Beazley 4E P.E.R, Page29: Unicode
Joshua Landau
joshua at landau.ws
Sun Jul 14 03:13:59 EDT 2013
On 14 July 2013 04:09, <vek.m1234 at gmail.com> wrote:
> http://stackoverflow.com/questions/17632246/beazley-4e-p-e-r-page29-unicode
>
> "directly writing a raw UTF-8 encoded string such as 'Jalape\xc3\xb1o' simply produces a nine-character string U+004A, U+0061, U+006C, U+0061, U+0070, U+0065, U+00C3, U+00B1, U+006F, which is probably not what you intended.This is because in UTF-8, the multi- byte sequence \xc3\xb1 is supposed to represent the single character U+00F1, not the two characters U+00C3 and U+00B1."
Correct.
> My original question was: Shouldn't this be 8 characters - not 9?
No, Python tends to be right on these things.
> He says: \xc3\xb1 is supposed to represent the single character. However after some interaction with fellow Pythonistas i'm even more confused.
You would be, given the way he said it.
> With reference to the above para:
> 1. What does he mean by "writing a raw UTF-8 encoded string"??
Well, that doesn't really mean much with no context like he gave it.
> In Python2, once can do 'Jalape funny-n o'. This is a 'bytes' string where each glyph is 1 byte long when stored internally so each glyph is associated with an integer as per charset ASCII or Latin-1. If these charsets have a funny-n glyph then yay! else nay! There is no UTF-8 here!! or UTF-16!! These are plain bytes (8 bits).
>
> Unicode is a really big mapping table between glyphs and integers and are denoted as Uxxxx or Uxxxx-xxxx.
*Waits for our resident unicode experts to explain why you're actually wrong*
> UTF-8 UTF-16 are encodings to store those big integers in an efficient manner. So when DB says "writing a raw UTF-8 encoded string" - well the only way to do this is to use Python3 where the default string literals are stored in Unicode which then will use a UTF-8 UTF-16 internally to store the bytes in their respective structures; or, one could use u'Jalape' which is unicode in both languages (note the leading 'u').
Correct.
> 2. So assuming this is Python 3: 'Jalape \xYY \xZZ o' (spaces for readability) what DB is saying is that, the stupid-user would expect Jalapeno with a squiggly-n but instead he gets is: Jalape funny1 funny2 o (spaces for readability) -9 glyphs or 9 Unicode-points or 9-UTF8 characters.
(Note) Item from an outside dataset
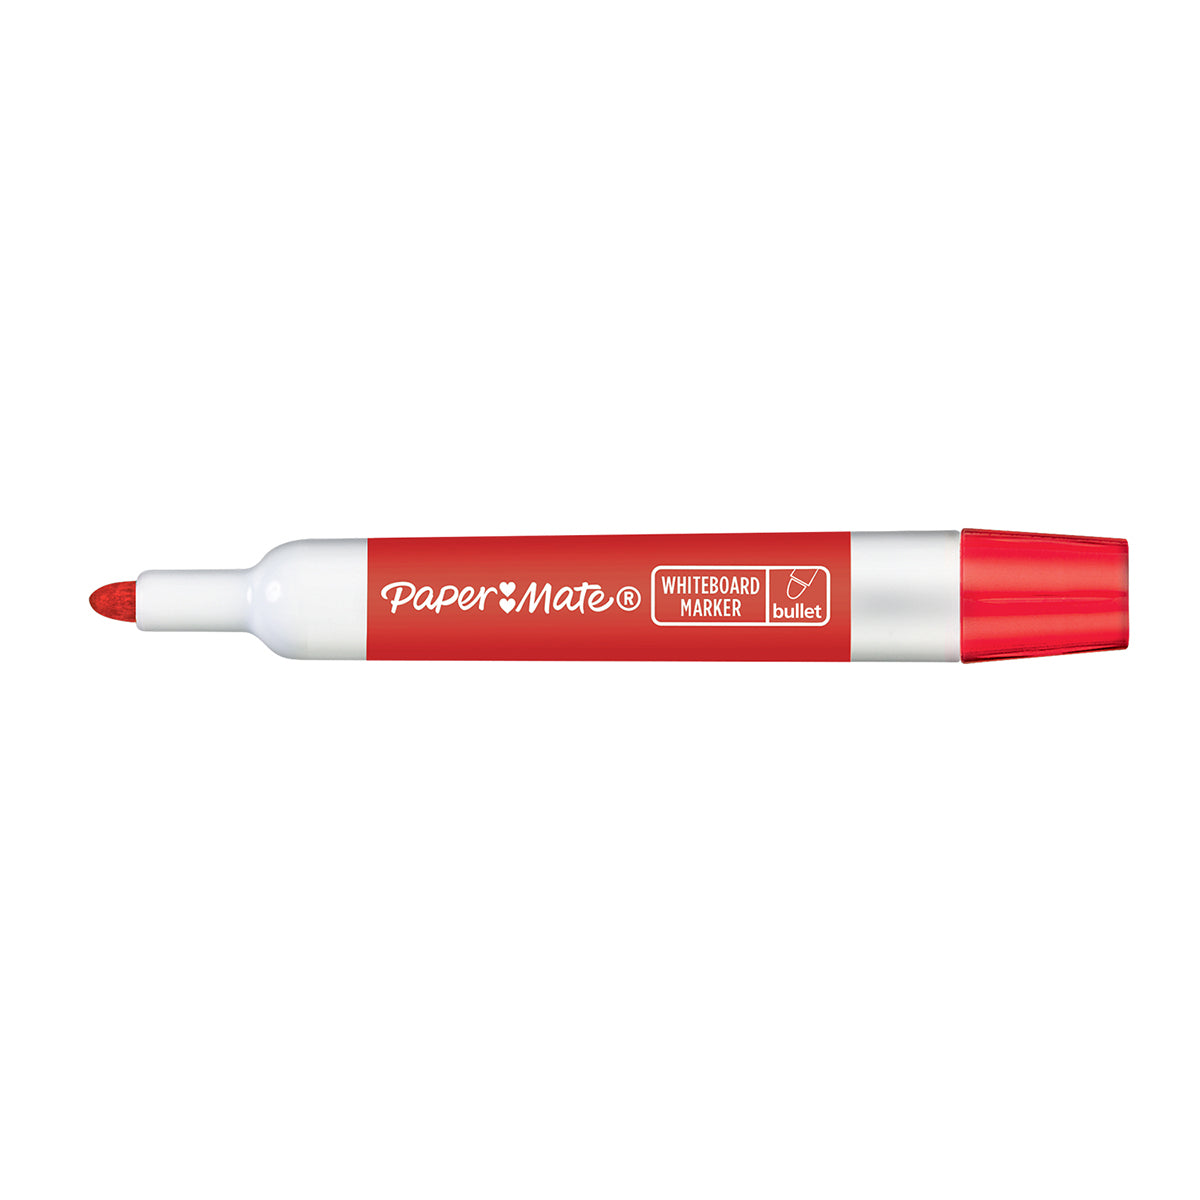 Paper Mate Whiteboard Marker Bullet Red  Expo Dry Erase Markers

Correct?
I think so.
> 3. Which leaves me wondering what he means by:
> "This is because in UTF-8, the multi- byte sequence \xc3\xb1 is supposed to represent the single character U+00F1, not the two characters U+00C3 and U+00B1"
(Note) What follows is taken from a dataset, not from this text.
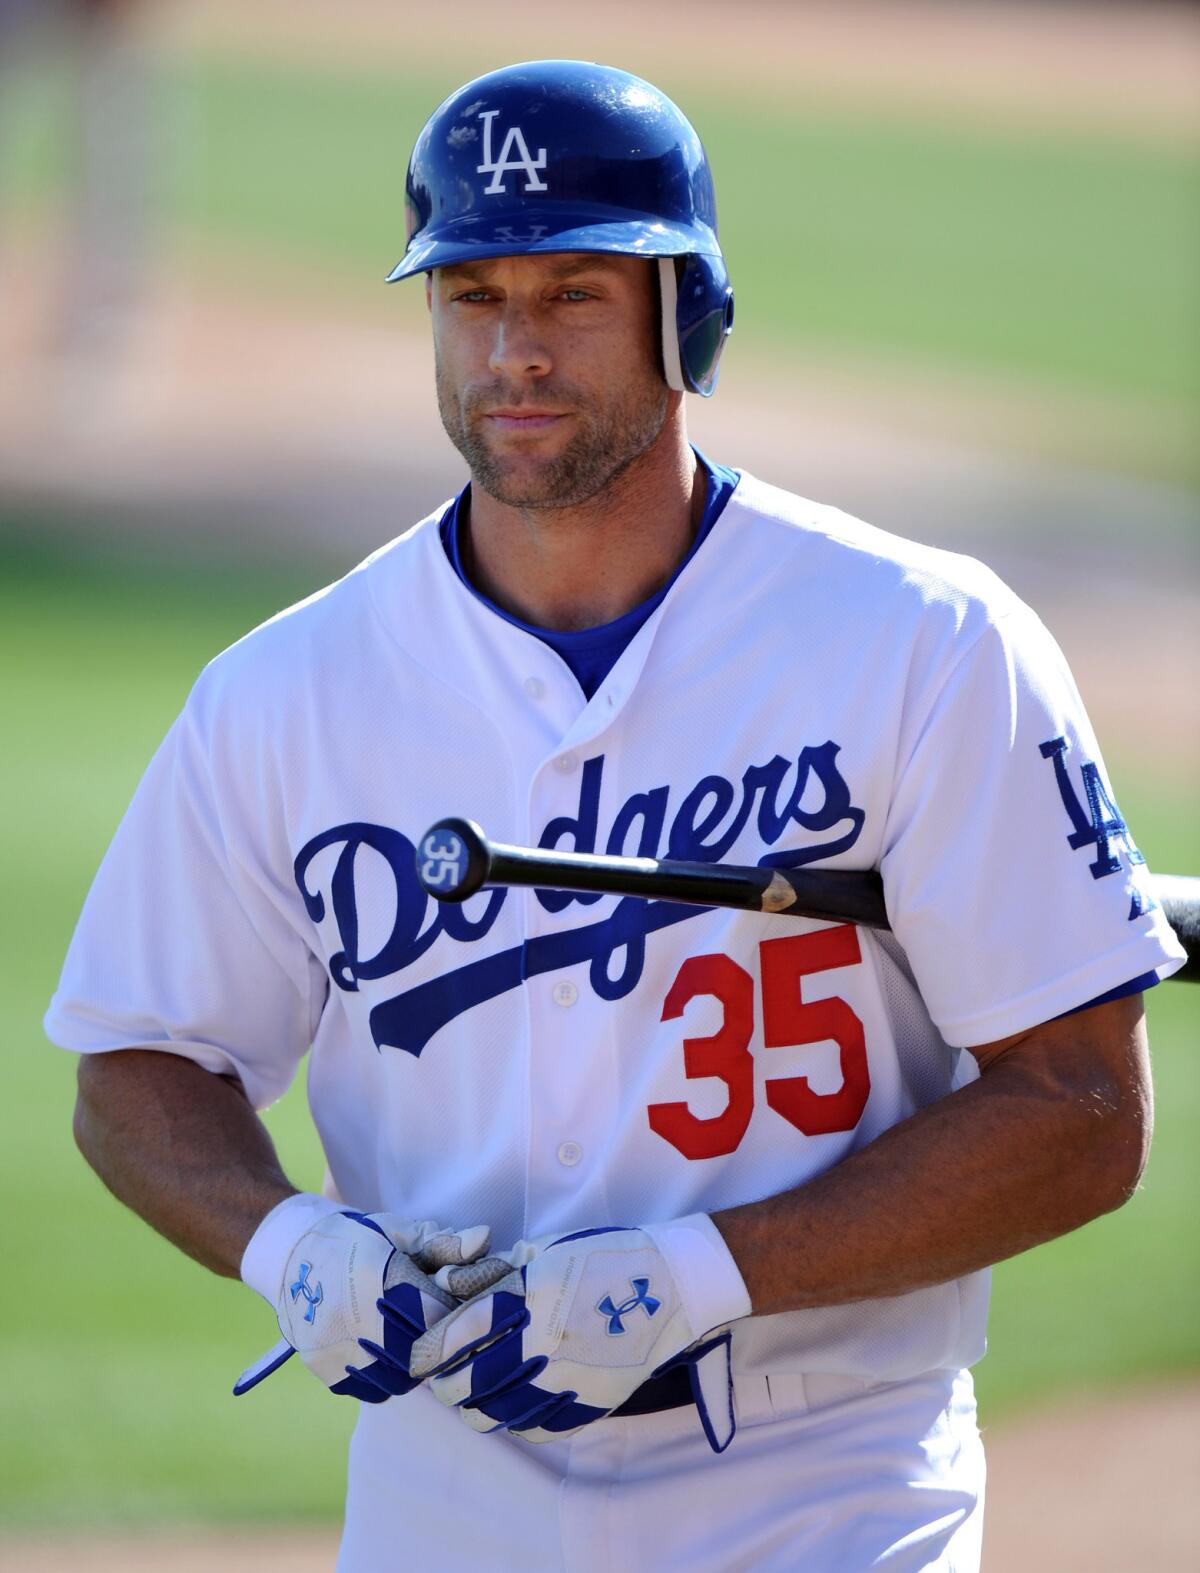 Will Gabe Kapler be the next manager of the Dodgers?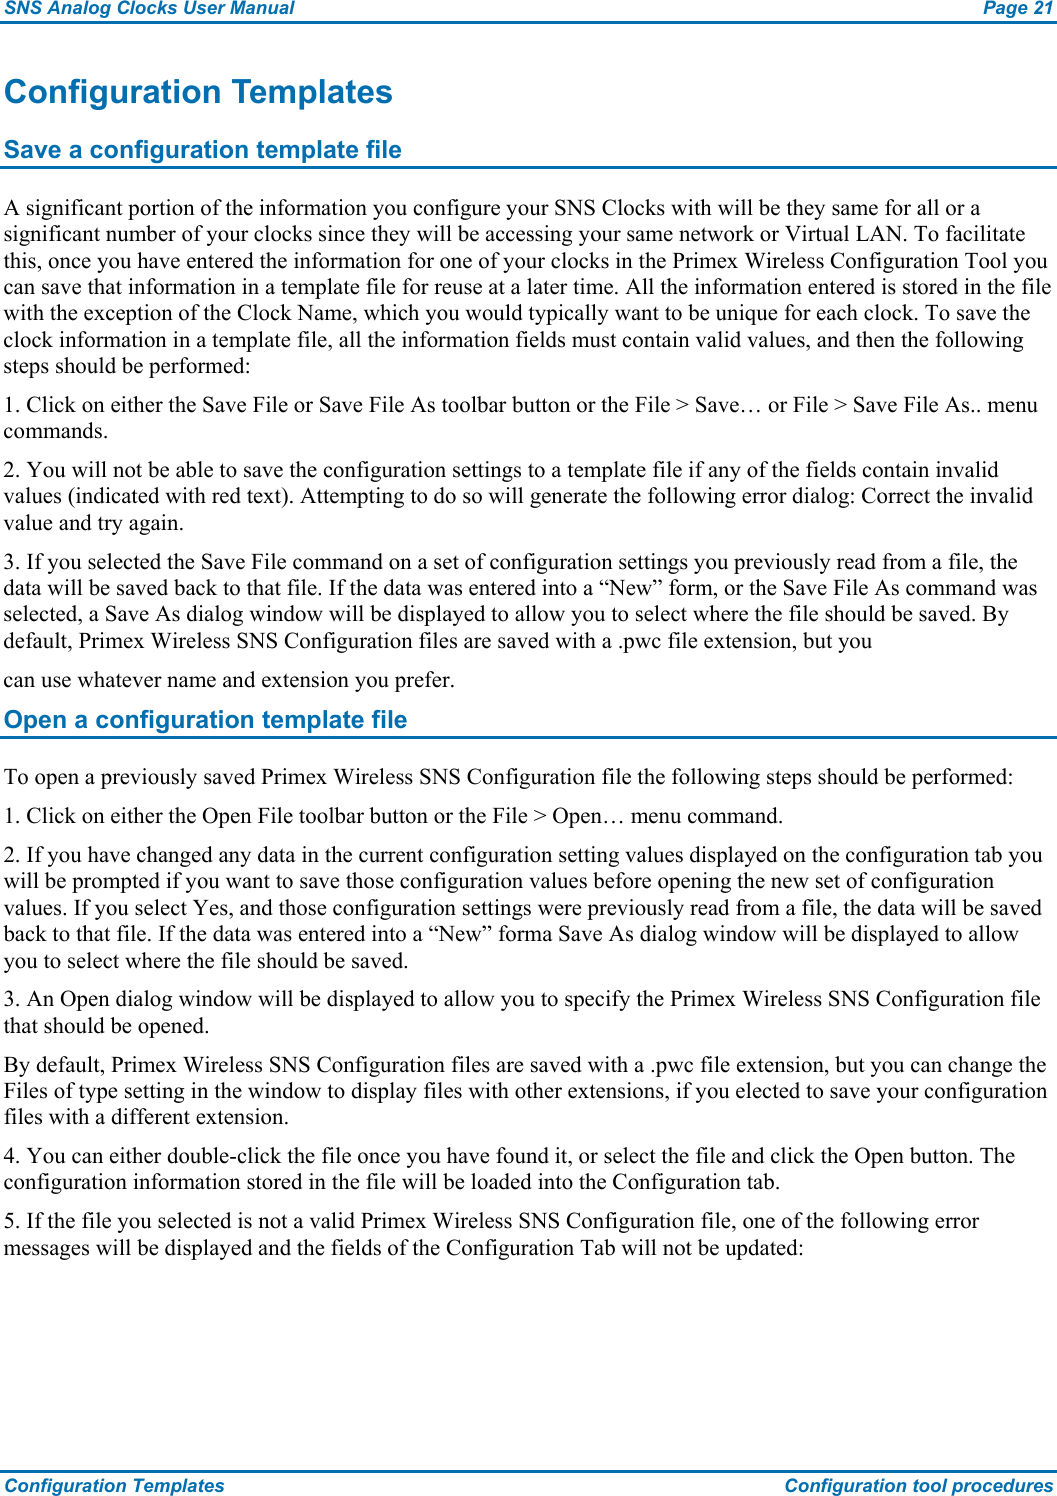 SNS Analog Clocks User Manual  Page 21 Configuration Templates  Configuration tool procedures Configuration Templates Save a configuration template file A significant portion of the information you configure your SNS Clocks with will be they same for all or a significant number of your clocks since they will be accessing your same network or Virtual LAN. To facilitate this, once you have entered the information for one of your clocks in the Primex Wireless Configuration Tool you can save that information in a template file for reuse at a later time. All the information entered is stored in the file with the exception of the Clock Name, which you would typically want to be unique for each clock. To save the clock information in a template file, all the information fields must contain valid values, and then the following steps should be performed: 1. Click on either the Save File or Save File As toolbar button or the File &gt; Save… or File &gt; Save File As.. menu commands. 2. You will not be able to save the configuration settings to a template file if any of the fields contain invalid values (indicated with red text). Attempting to do so will generate the following error dialog: Correct the invalid value and try again. 3. If you selected the Save File command on a set of configuration settings you previously read from a file, the data will be saved back to that file. If the data was entered into a “New” form, or the Save File As command was selected, a Save As dialog window will be displayed to allow you to select where the file should be saved. By default, Primex Wireless SNS Configuration files are saved with a .pwc file extension, but you can use whatever name and extension you prefer. Open a configuration template file To open a previously saved Primex Wireless SNS Configuration file the following steps should be performed: 1. Click on either the Open File toolbar button or the File &gt; Open… menu command. 2. If you have changed any data in the current configuration setting values displayed on the configuration tab you will be prompted if you want to save those configuration values before opening the new set of configuration values. If you select Yes, and those configuration settings were previously read from a file, the data will be saved back to that file. If the data was entered into a “New” forma Save As dialog window will be displayed to allow you to select where the file should be saved. 3. An Open dialog window will be displayed to allow you to specify the Primex Wireless SNS Configuration file that should be opened. By default, Primex Wireless SNS Configuration files are saved with a .pwc file extension, but you can change the Files of type setting in the window to display files with other extensions, if you elected to save your configuration files with a different extension. 4. You can either double-click the file once you have found it, or select the file and click the Open button. The configuration information stored in the file will be loaded into the Configuration tab. 5. If the file you selected is not a valid Primex Wireless SNS Configuration file, one of the following error messages will be displayed and the fields of the Configuration Tab will not be updated:

He's mixed some things up, AFAICT.
> Could someone take the time to read carefully and clarify what DB is saying??
Here's a simple explanation: you're both wrong (or you're both *almost* right):
As of Python 3:
>>> "\xc3\xb1"
'ñ'
>>> b"\xc3\xb1".decode()
'ñ'
"WHAT?!" you scream, "THAT'S WRONG!" But it's not. Let me explain.
Python 3's strings want you to give each character separately (*winces
in case I'm wrong*). Python is interpreting the "\xc3" as "\N{LATIN
CAPITAL LETTER A WITH TILDE}" and "\xb1" as "\N{PLUS-MINUS SIGN}"¹.
This means that Python is given *two* characters. Python is basically
doing this:
number = int("c3", 16) # Convert from base16
chr(number) # Turn to the character from the Unicode mapping
When you give Python *raw bytes*, you are saying that this is what the
string looks like *when encoded* -- you are not giving Python Unicode,
but *encoded Unicode*. This means that when you decode it (.decode())
it is free to convert multibyte sections to their relevant characters.
To see how an *encoded string* is not the same as the string itself, see:
>>> "Jalepeño".encode("ASCII", errors="xmlcharrefreplace")
b'Jalepeño'
Those *represent* the same thing, but the first (according to Python)
*is* the thing, the second needs to be *decoded*.
Now, bringing this back to the original:
>>> "\xc3\xb1".encode()
b'\xc3\x83\xc2\xb1'
You can see that the *encoded* bytes represent the *two* characters;
the string you see above is *not the encoded one*. The encoding is
*internal to Python*.
I hope that helps; good luck.
¹ Note that I find the "\N{...}" form much easier to read, and recommend it.